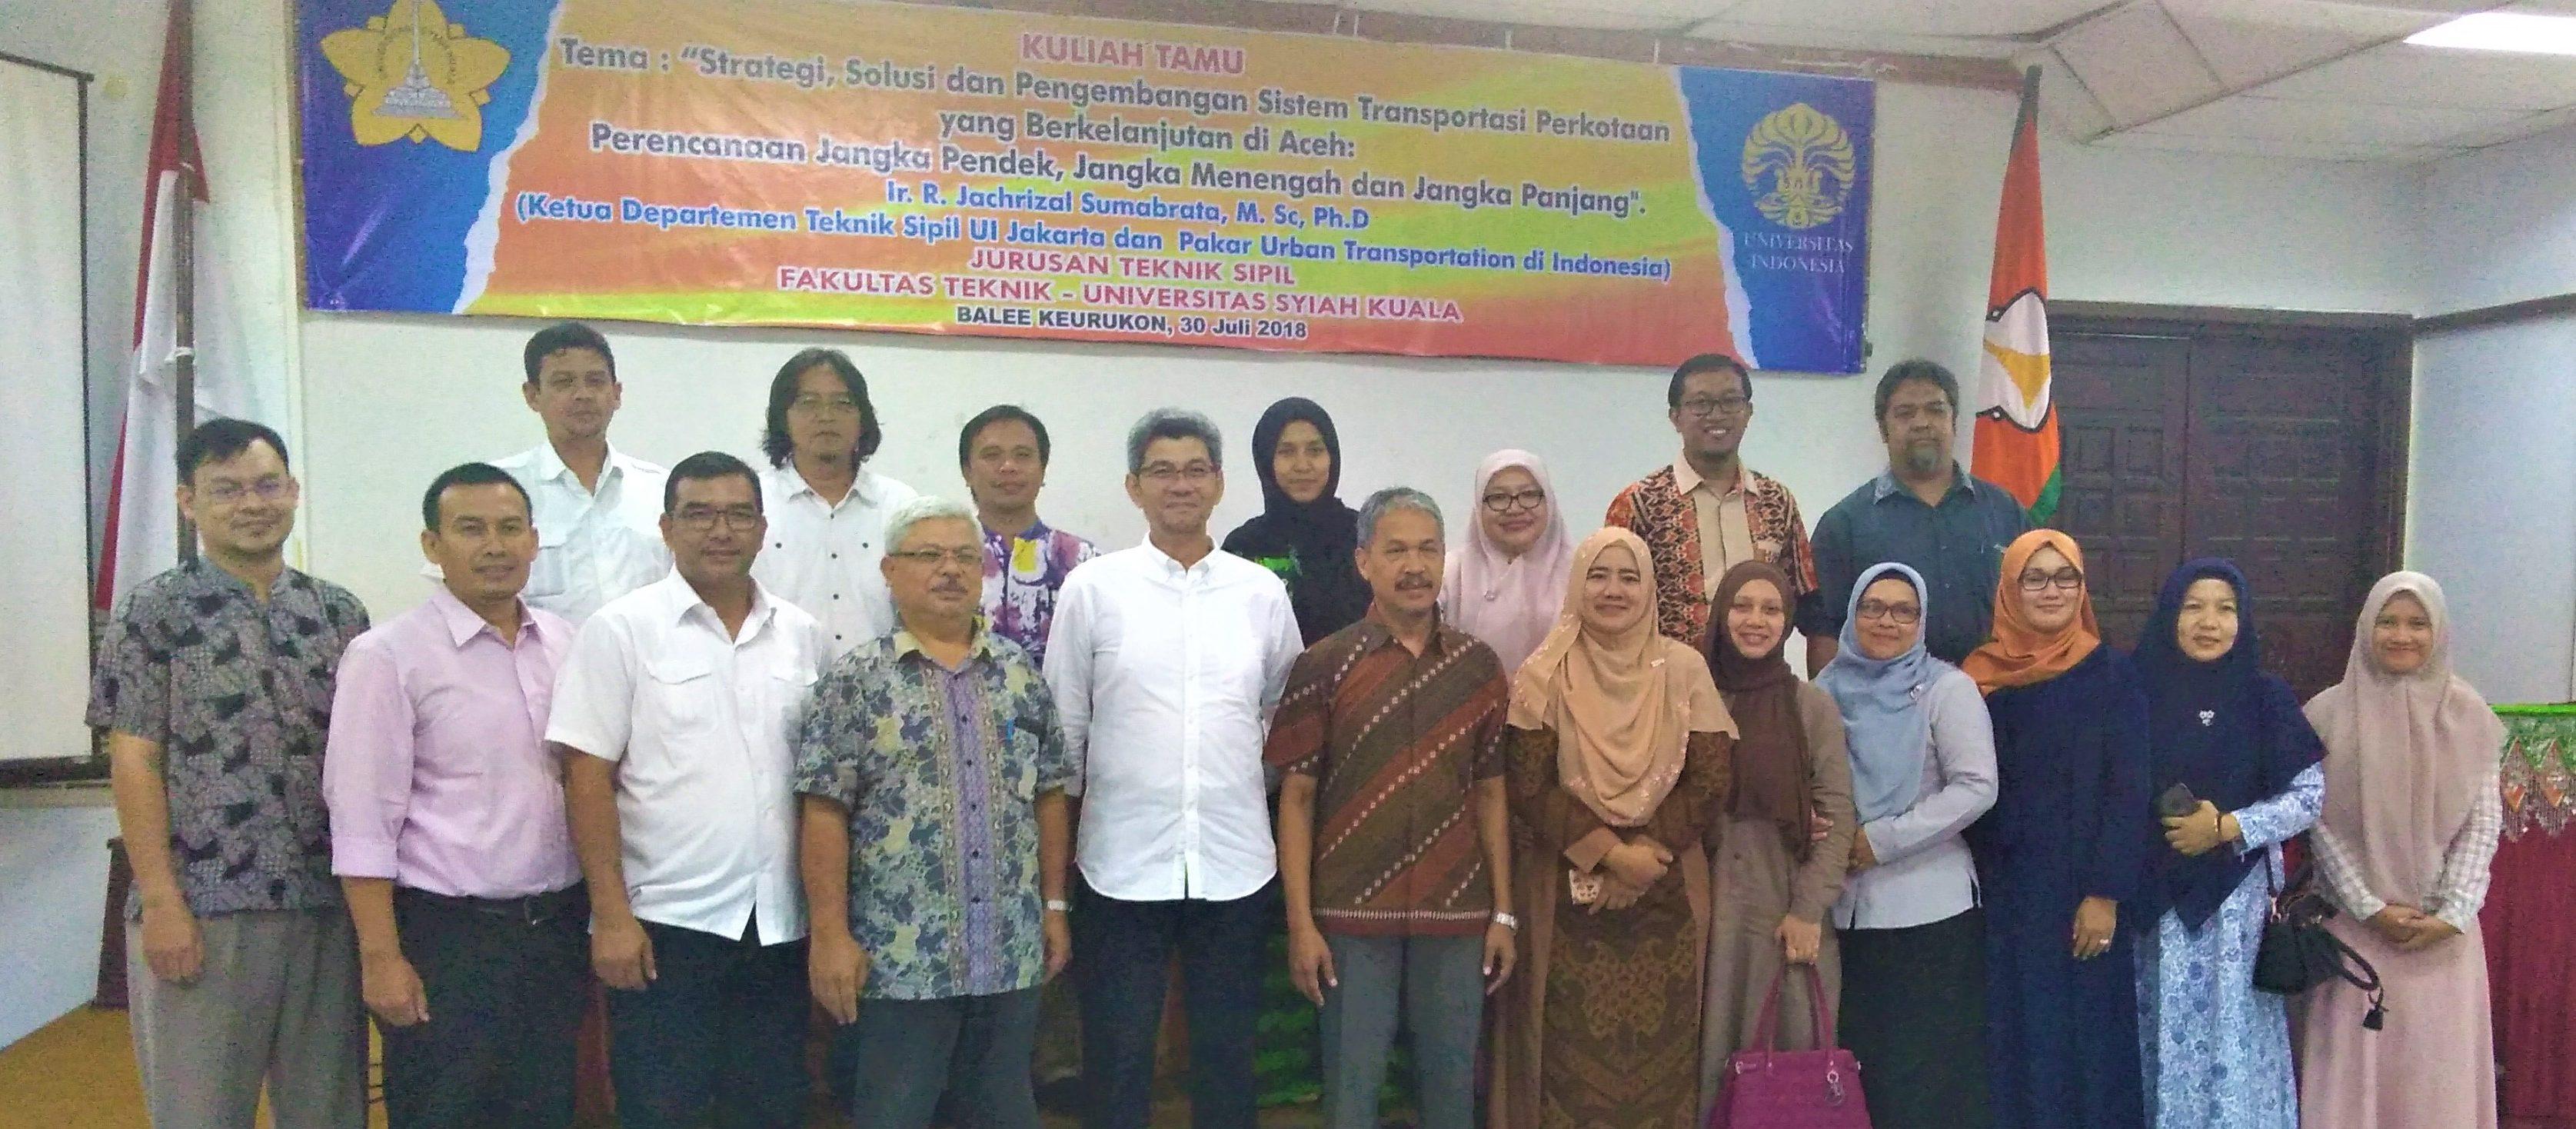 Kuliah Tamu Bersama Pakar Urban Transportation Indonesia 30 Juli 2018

==

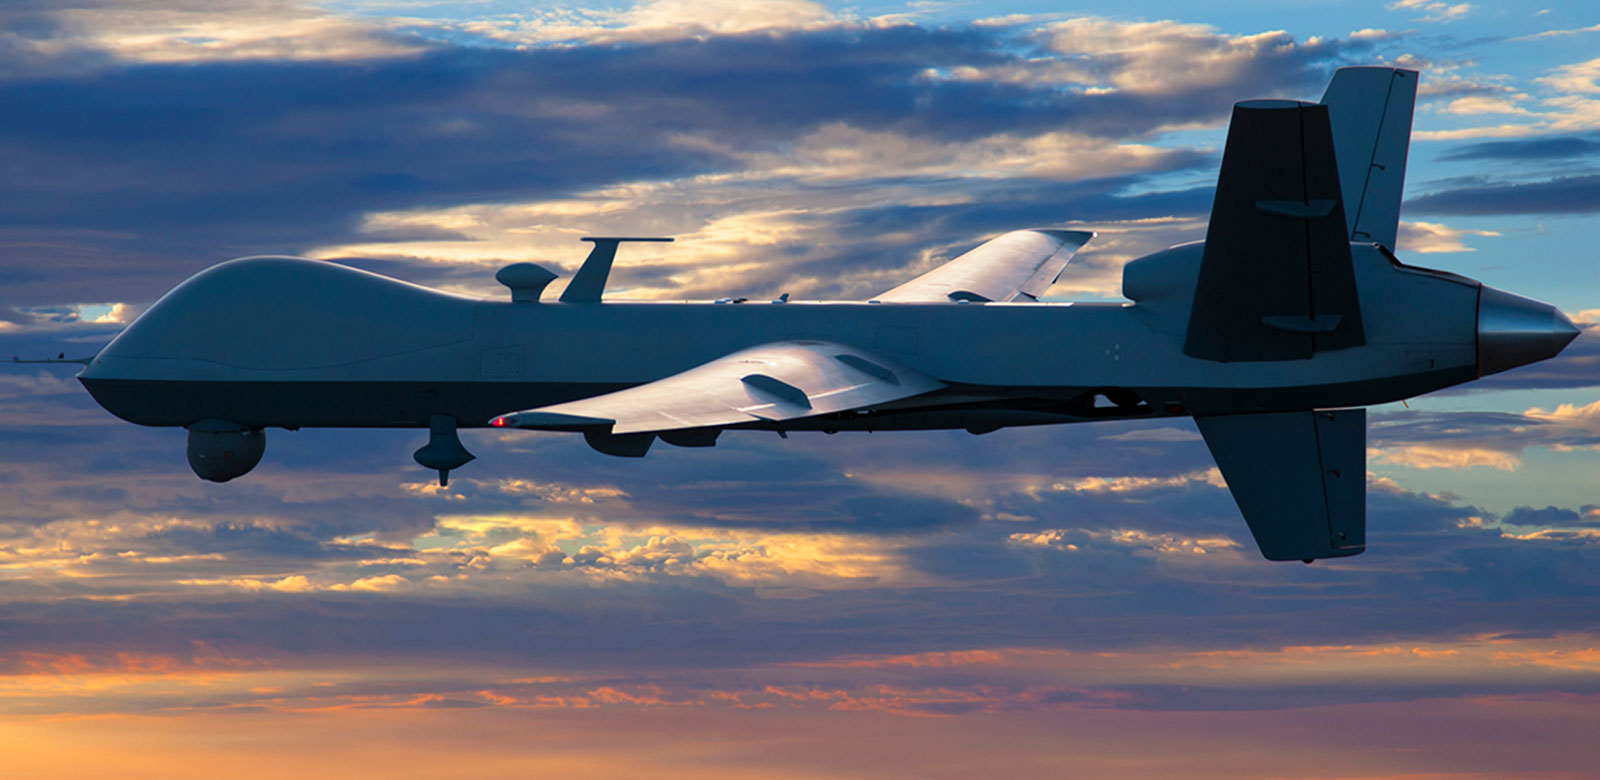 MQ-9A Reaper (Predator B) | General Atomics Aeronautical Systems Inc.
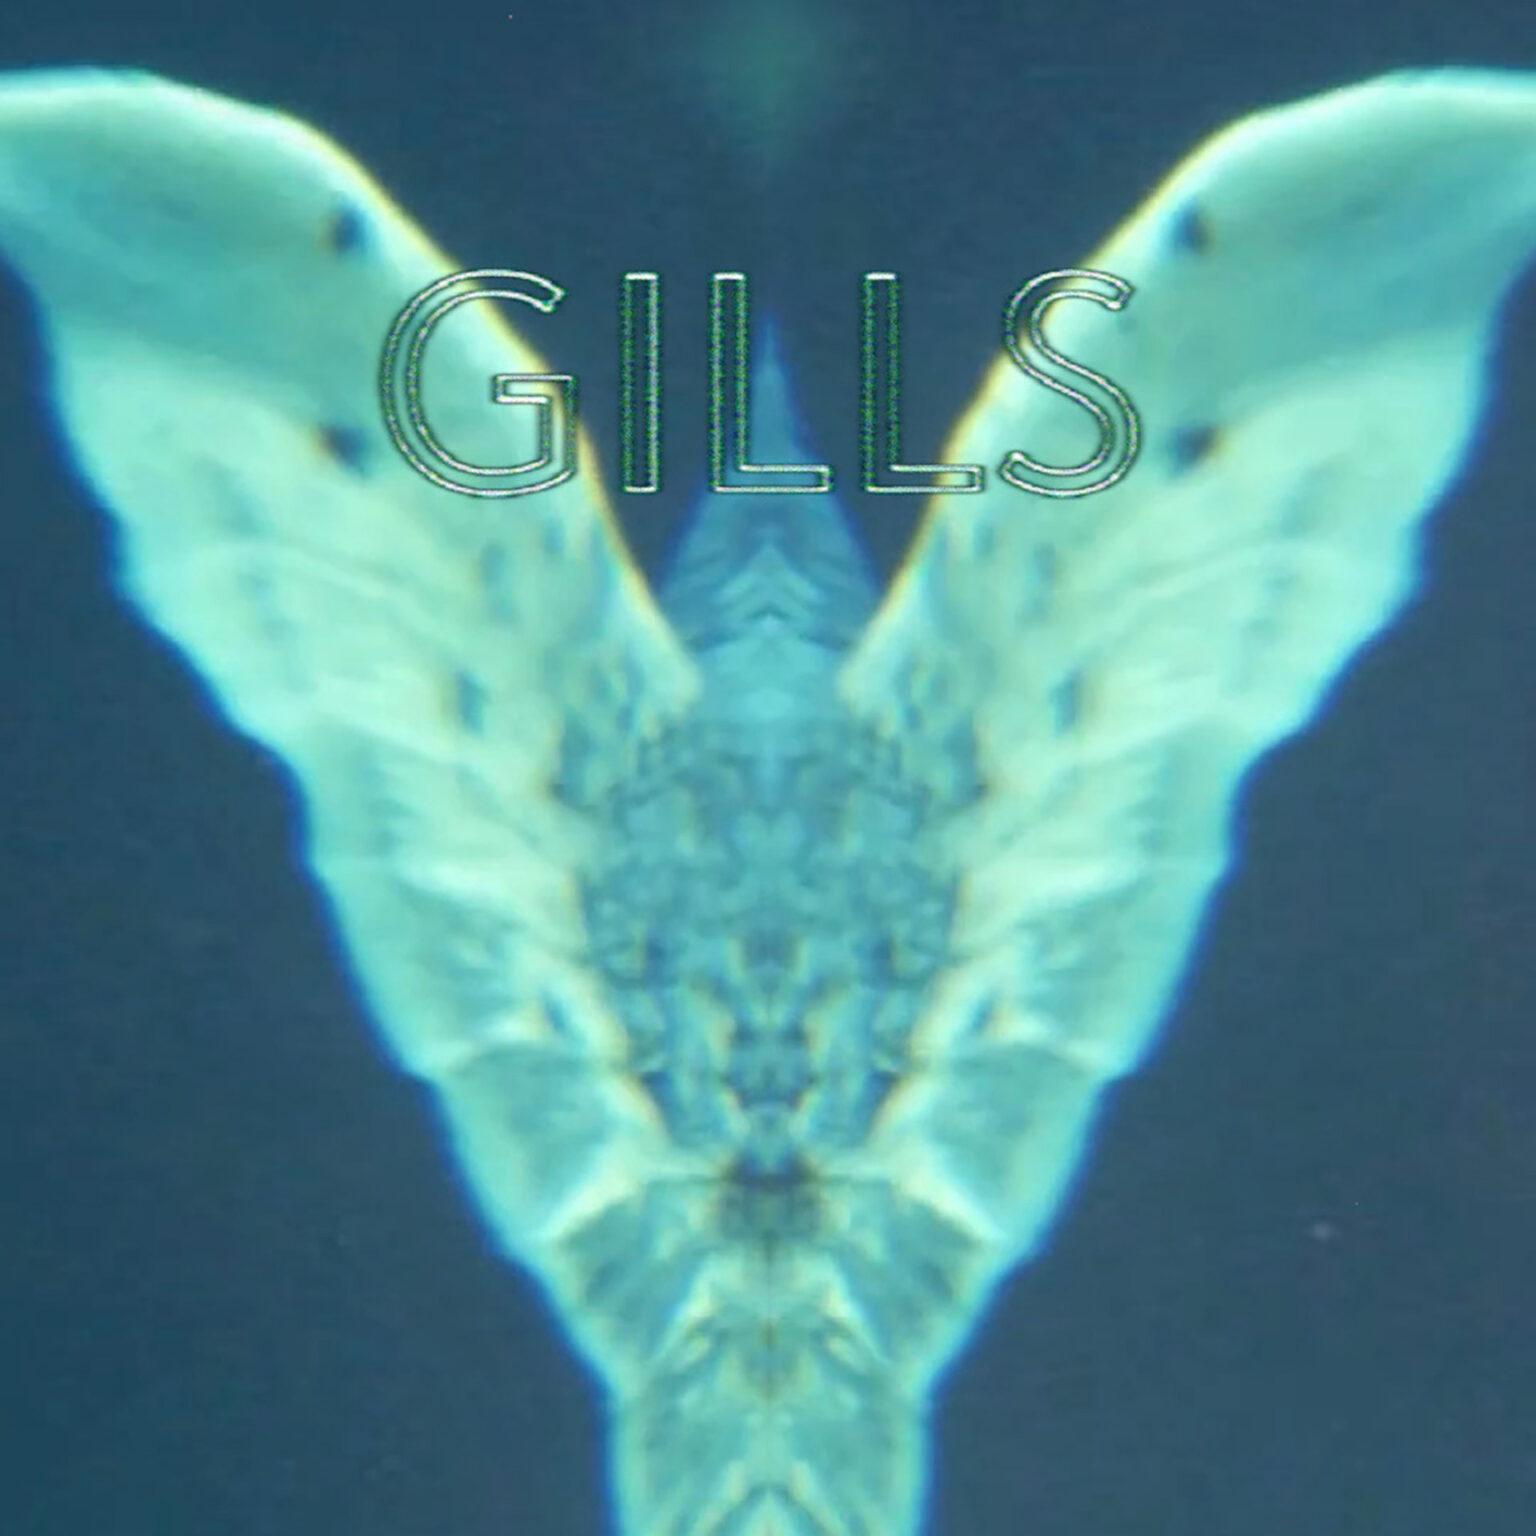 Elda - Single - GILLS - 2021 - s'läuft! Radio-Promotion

### Task requirements
Within the listing above, the stretch from the line with "MQ-9A Reaper (Predator" down to the line with "Elda - Single" is to be given again exactly, end lines included and pictures excluded.

### Solution below
 MQ-9A Reaper (Predator B) | General Atomics Aeronautical Systems Inc.
 Elda - Single - GILLS - 2021 - s'läuft! Radio-Promotion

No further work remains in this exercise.